The Treaty to ban nuclear weapons, adopted in New York on 7 July 2017 by 122 UN member states, could sign the death warrant for France’s doctrine known as "nuclear deterrence" ("dissuasion nucléaire" in French). From now on, it will be impossible for France, or more precisely for one individual, the president, to claim to be protecting the nation’s "vital interests" by threatening to liquidate the people of another nation, without thereby being clearly guilty of a crime against humanity.

This Treaty forbids the development, testing, production, manufacture and acquisition by any means of nuclear weapons and other explosive nuclear devices, along with stocking or hosting them It forbids use, and threat of use.

These bans will apply without reservation or time limitation to all states-parties to the Treaty, which will be opened for signature on 19 September 2017 by all states, including those that neither negotiated it nor voted for it.It will enter into force 90 days after receipt of the 50th ratification, acceptance, approval or adherence. The UN Secretary-General will be the depositary for it. At that point on, the use or threat of use of nuclear weapons will become illegal for the states-parties, but also immoral for the other states, if not in their own eyes, at least in the eyes of the "international community".

However, of the nine states currently listed as possessing some 15,000 nuclear weapons in all - USA, Russia, France, UK China, Israel, India, Pakistan and North Korea (with the first two having more than 90% of them) - none took part in the negotiations and none seem inclined at present to join the Treaty. France, the UK and the US had held a joint press conference on 27 March 2017 when the first conference session opened; they published a communiqué straight after the adoption of the new Treaty saying that they have no intention of joining it and will not recognise it as having any judicial effect.

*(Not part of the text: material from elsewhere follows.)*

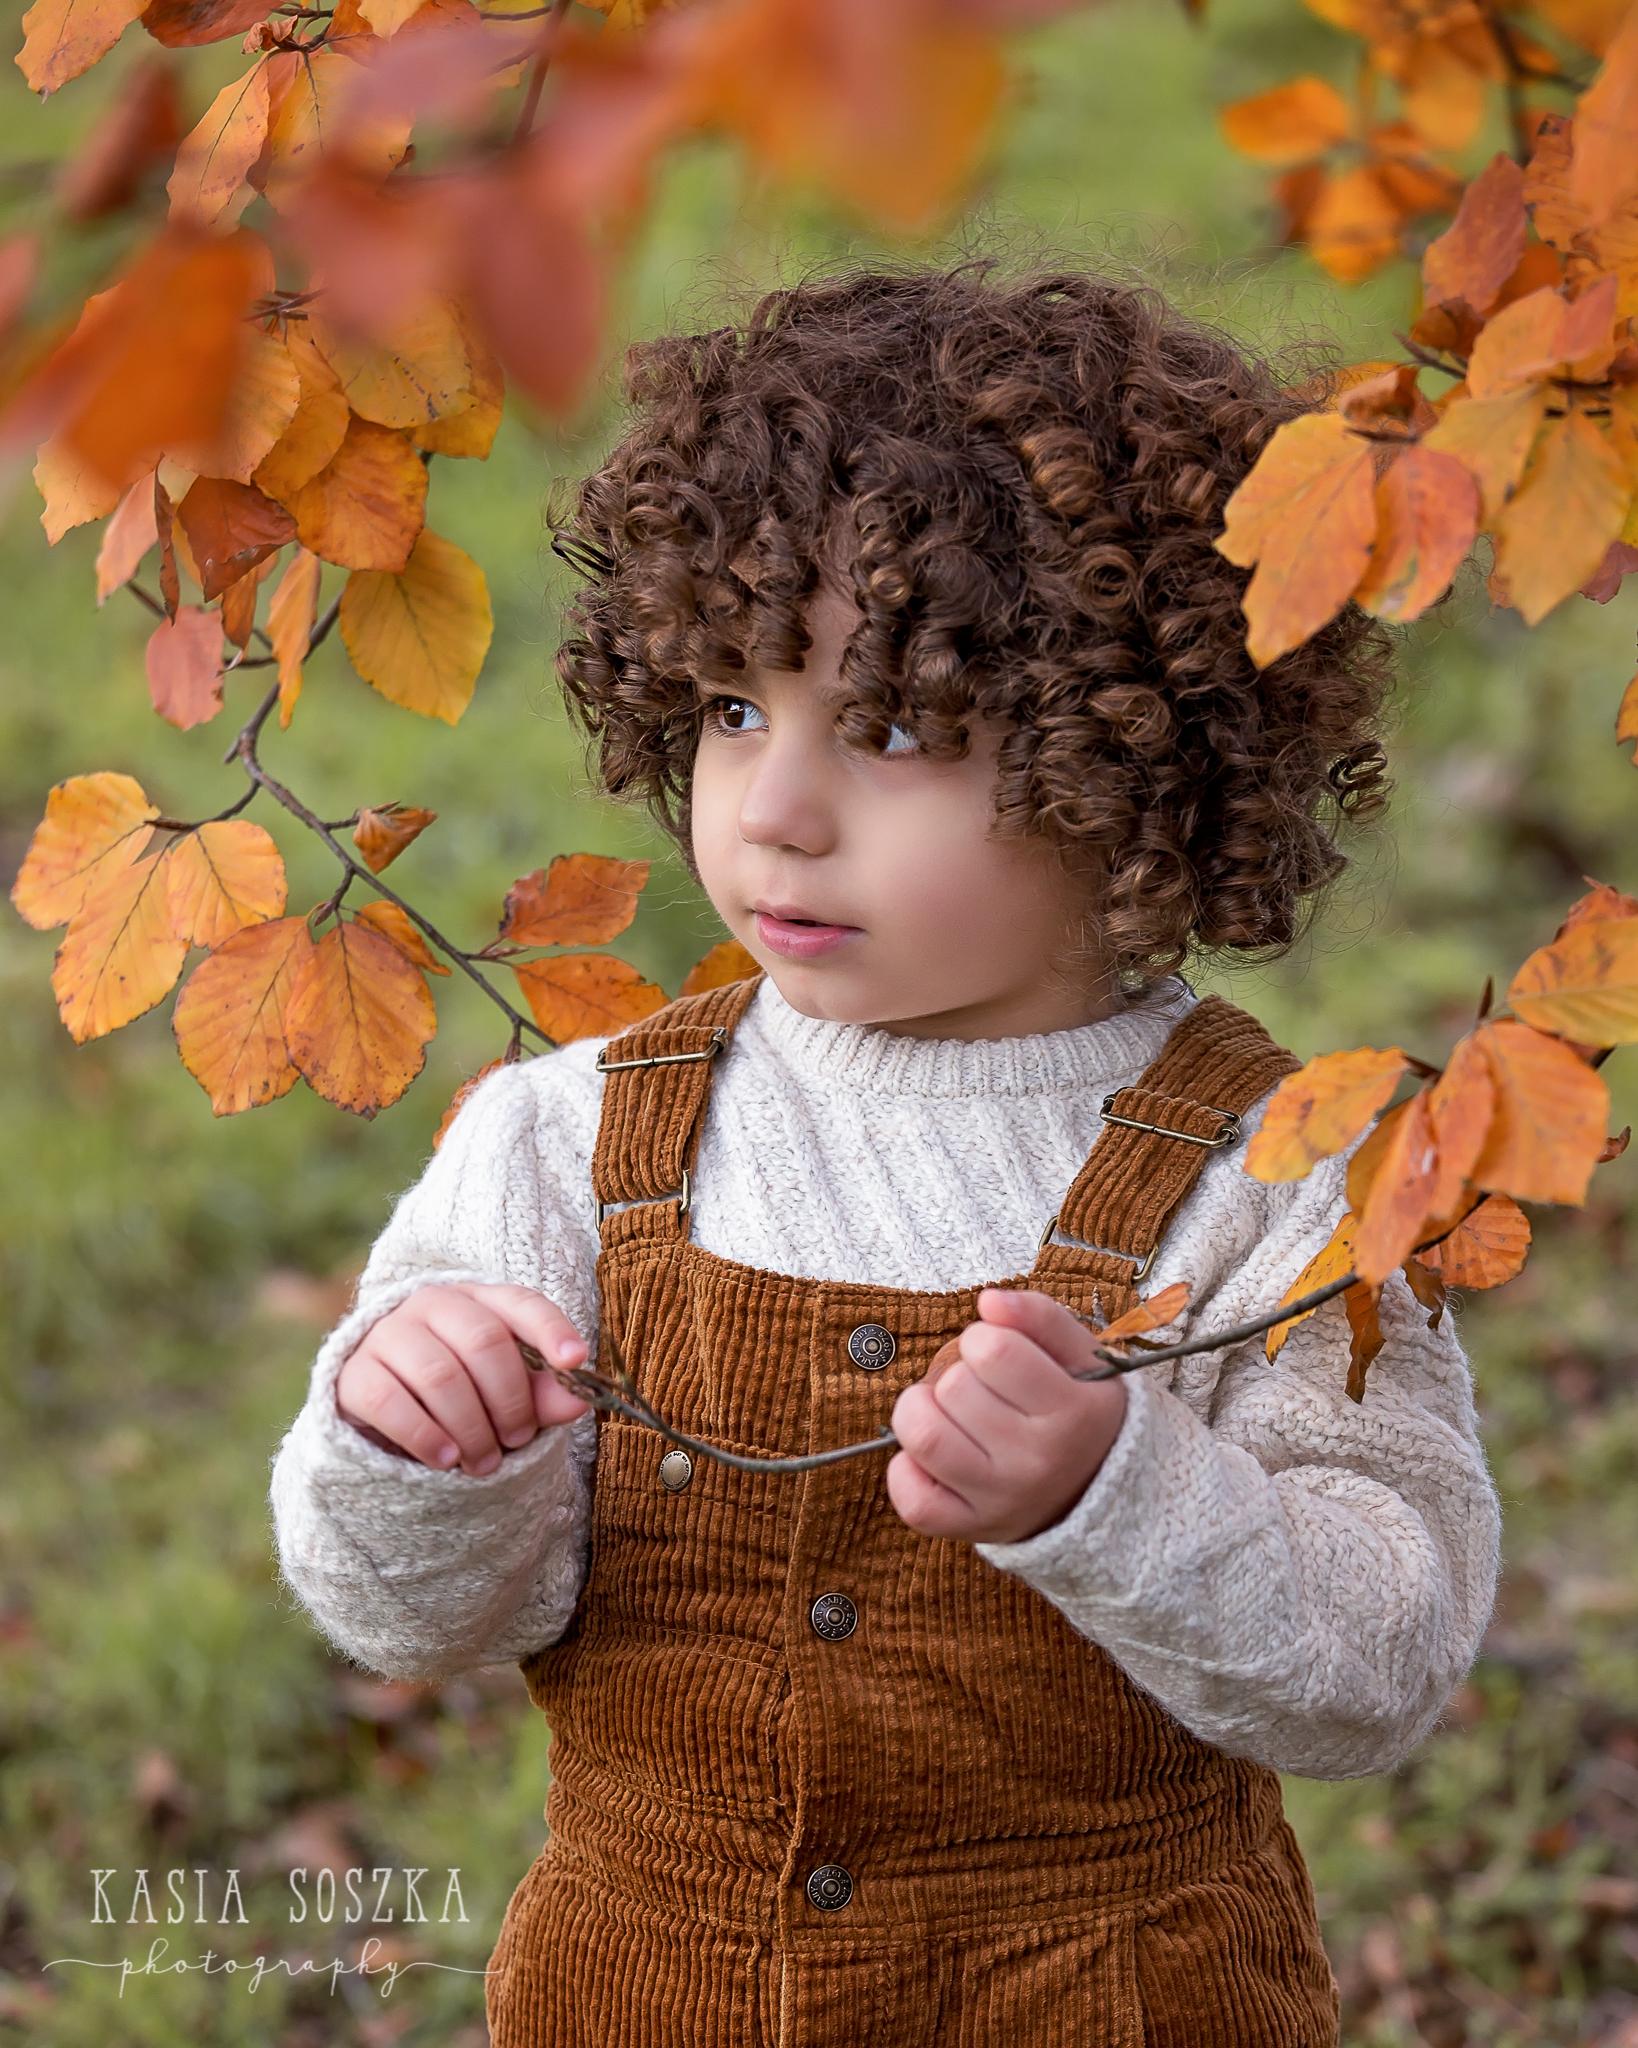 Yorkshire children photography: cute little boy with dark curly hair standing under autumn tree.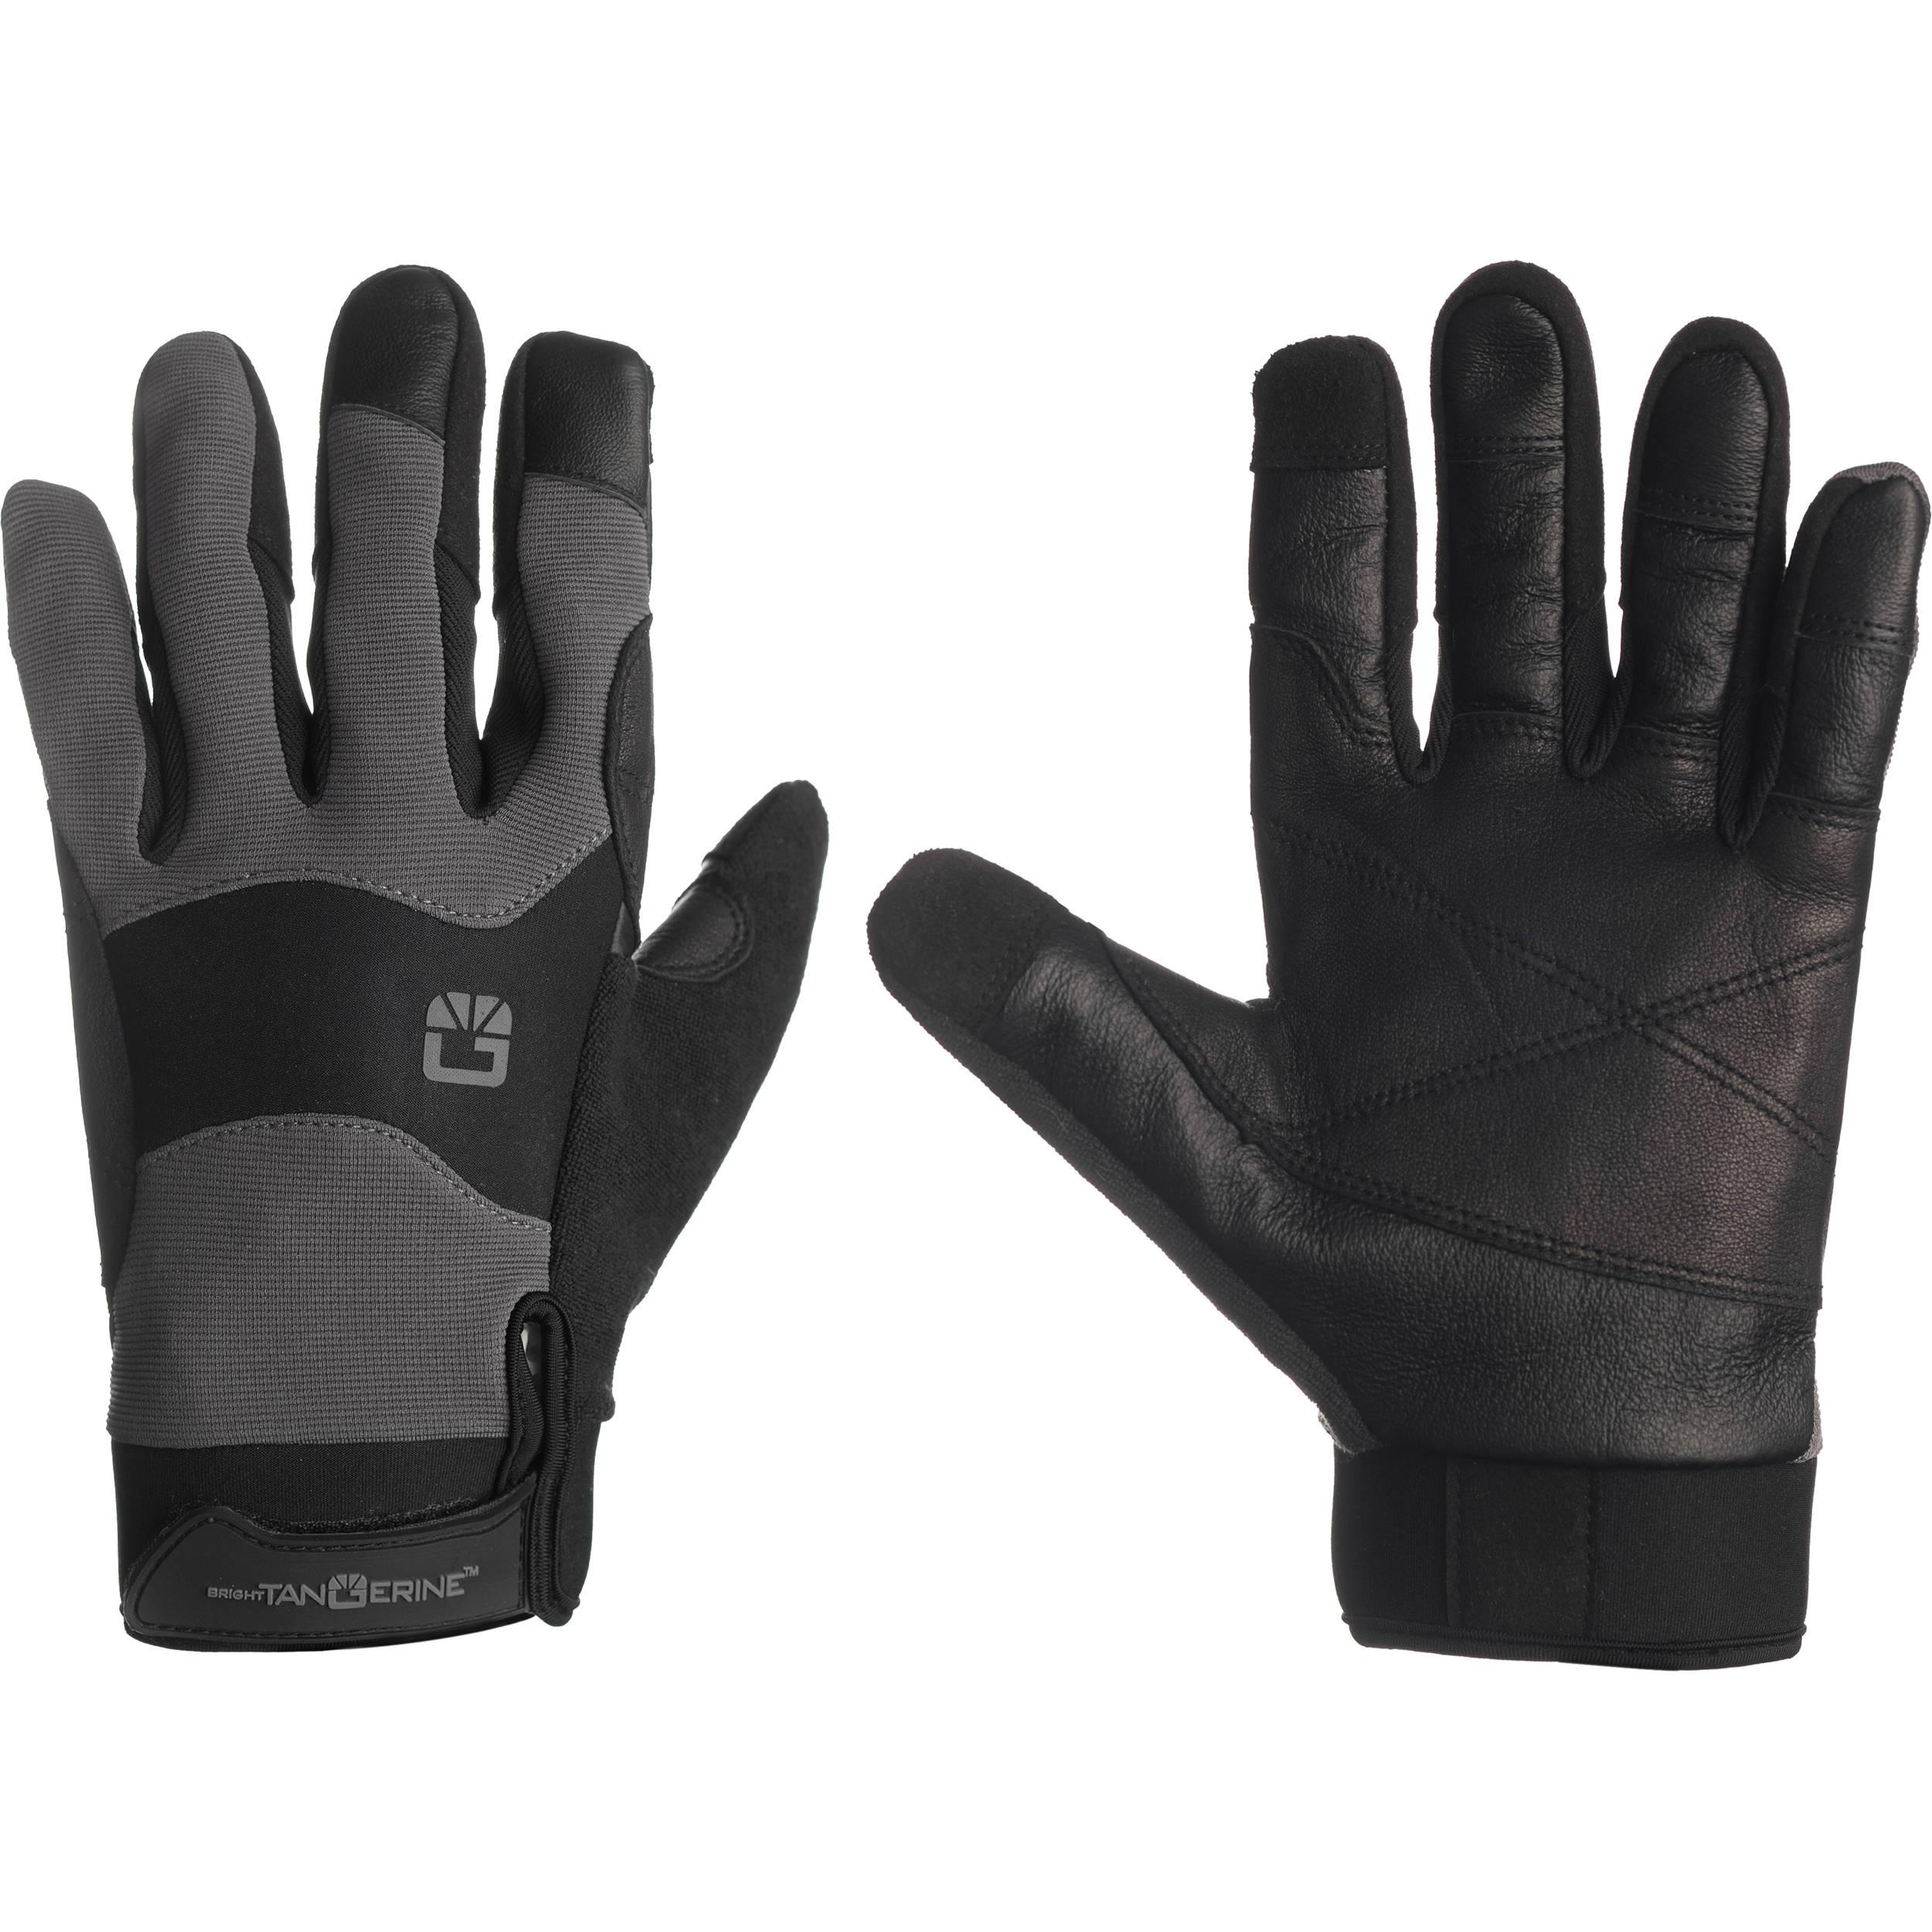 b1eb28908e0e Bright Tangerine ExoSkin Leather Armour Gloves (L) B1300.1006

The reach of the Treaty is therefore mainly symbolic. By stigmatising nuclear weapons, as has been done for biological and chemical weapons, as instruments of crimes against humanity, the Treaty outlaws from humanity those states that possess them, could use them and already do use them as means of threat, domination, and political-military terror. France is one of this group. Her "nuclear deterrence", condemnable from before its birth, is now condemnable like the other weapons of mass destruction. Does this mean it is dead? In the best of cases, "nuclear deterrence" is merely moribund, and its death-agony could last as long as other nations still have nuclear weapons. So the Calvary of humankind is not over. To abolish nuclear weapons means that, beyond their prohibition, we need to aim at eliminating them.